|Statistics and Files|
|Start: Redmarley D'Abitot||Distance: 5.9 miles (9.5 km)||Climbing: 226 metres|
|Grid Ref: SO 75216 31350||Time: 3-4 hours||Rating: Moderate|
|GPX Route File||Google Earth File||About Redmarley D'Abitot|
|Start: Redmarley D'Abitot||Distance: 5.9 miles (9.5 km)|
|Climbing: 226 metres||Grid Ref: SO 75216 31350|
|Time: 3-4 hours||Rating: Moderate|
|GPX Route File||Google Earth File|
The Walk: Stunning scenery is not the only feature of this walk in deepest Gloucestershire: there is history and legend too, for it is here that London's most famous Lord Mayor, Dick Whittington, was born. Another, more unexpected, local 'product' is the wine of the area, made from grapes grown on the slopes above the River Leadon. As you start the walk, you can see, to the south, May Hill and the uplands of the Forest of Dean. On your return to Redmarley, you will see ahead the most spectacular moorland ridge of the Malvern Hills, built on some of the most ancient rock in southern Britain. The rock of the Redmarley area creates a gentler but still striking landscape. It gives the soil, and many of the buildings, a rich red glow, from which Redmarley derives its name.

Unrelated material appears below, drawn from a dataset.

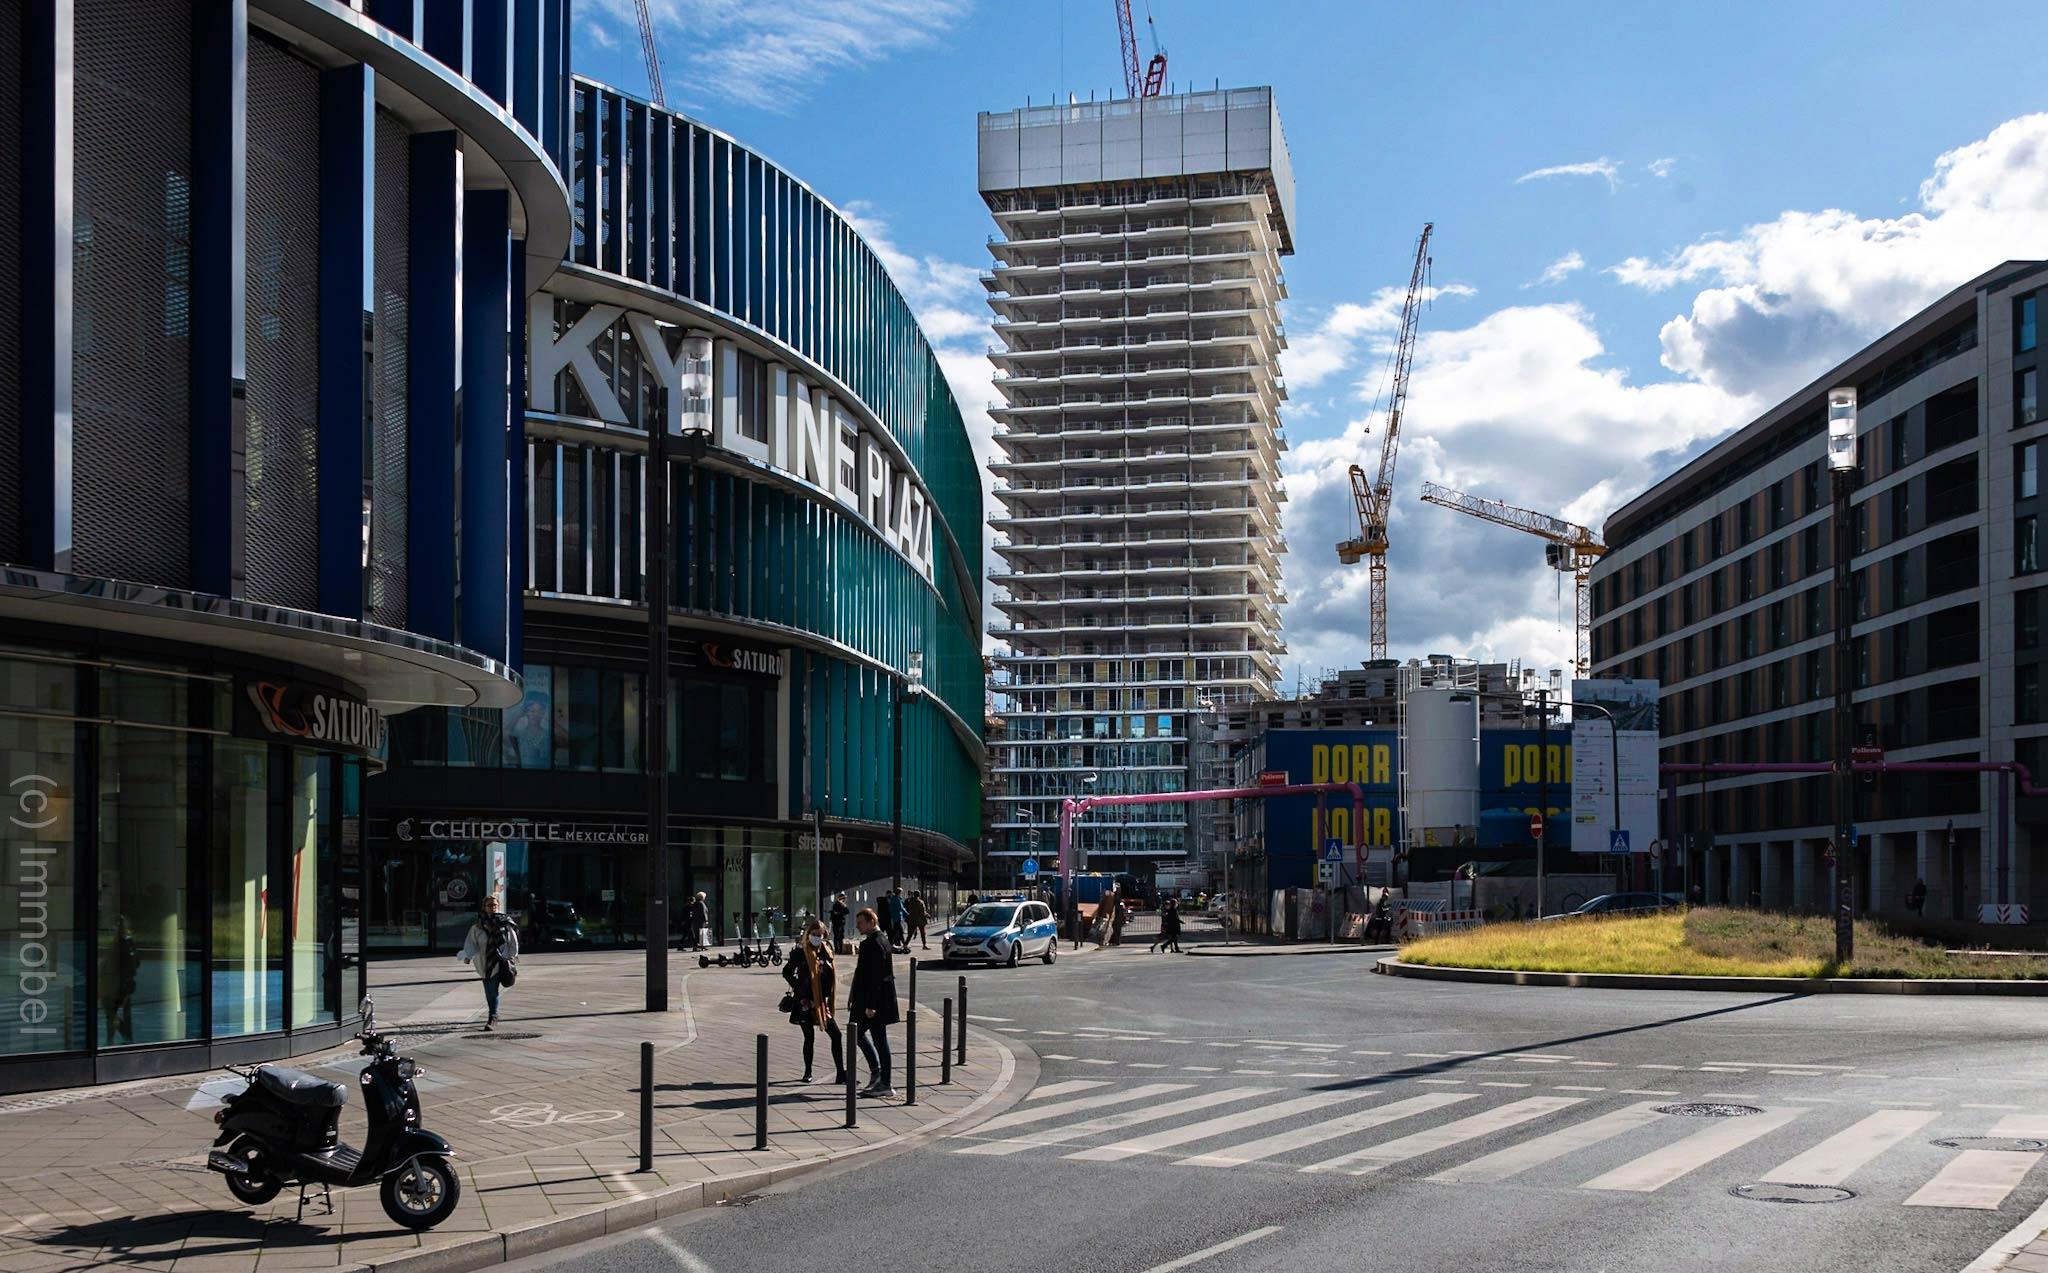 Eden Tower Frankfurt - Baustelle Oktober 2020 - Richtfest - Ökologisches Hochhaus - Neubau Frankfurt

St Bartholomew's Church in Redmarley was rebuilt in the 19th century, but it contains many interesting features. In the village there are several timber framed buildings which date from the 1500's. This walk has some steep climbs and descents. From Redmarley you descend into the Leadon valley to Pauntley, walking parallel to the river. Pauntley Court was the home of the Whittington family between 1311 and 1546 and two of the church's windows carry the family coat of arms. The present house, which is closed to the public, mainly dates from the 18th century, but a half timbered wing, for long used as a granary, may have been built by the Whittington's in the 1500's. In the grounds is a square stone dovecote.
From Pauntley is perhaps the highlight of the walk, the stretch of walking along the River Leadon near Durbridge Farm, where the river cuts through the sandstone hills to create a little known but remarkably beautiful small gorge, with hanging woods and old farm buildings. Much of the shaping of this area happened during the ice age which ended about 20,000 years ago. Tongues of ice from the Welsh mountains blocked many of the existing river valleys to create large lakes from which the water found new routes out to sea, the largest of which is the Ironbridge Gorge on the River Severn below Shrewsbury. Immediately after the ice age, the flood of melt water caused many rivers to cut much deeper channels on their existing courses. the detailed history of the area at this time is still unclear, but traces of ice erosion remain in both the wide, smooth sided valleys, which may be former courses of the river, and the main valley of the Leadon.
The combination of the bending river, the hanging woods and the vivid red sandstone creates some spectacular scenery. Coming down a side valley you pass between woods containing oak, beech and holly, and a lake fringed with bullrushes, and in summer covered in waterlilies. A section along the slow flowing Leadon brings you to Durbridge Farm, where there is a fine view of the gorge, with the river flowing between rows of trees. Durbridge Mill, a sanctuary of old buildings, is another fine sight. Soon after leaving Leadon Gorge the walk passes Three Choirs Vineyards where some of England's finest wines are produced. Afterwards enjoy quiet countryside walking back to Redmarley.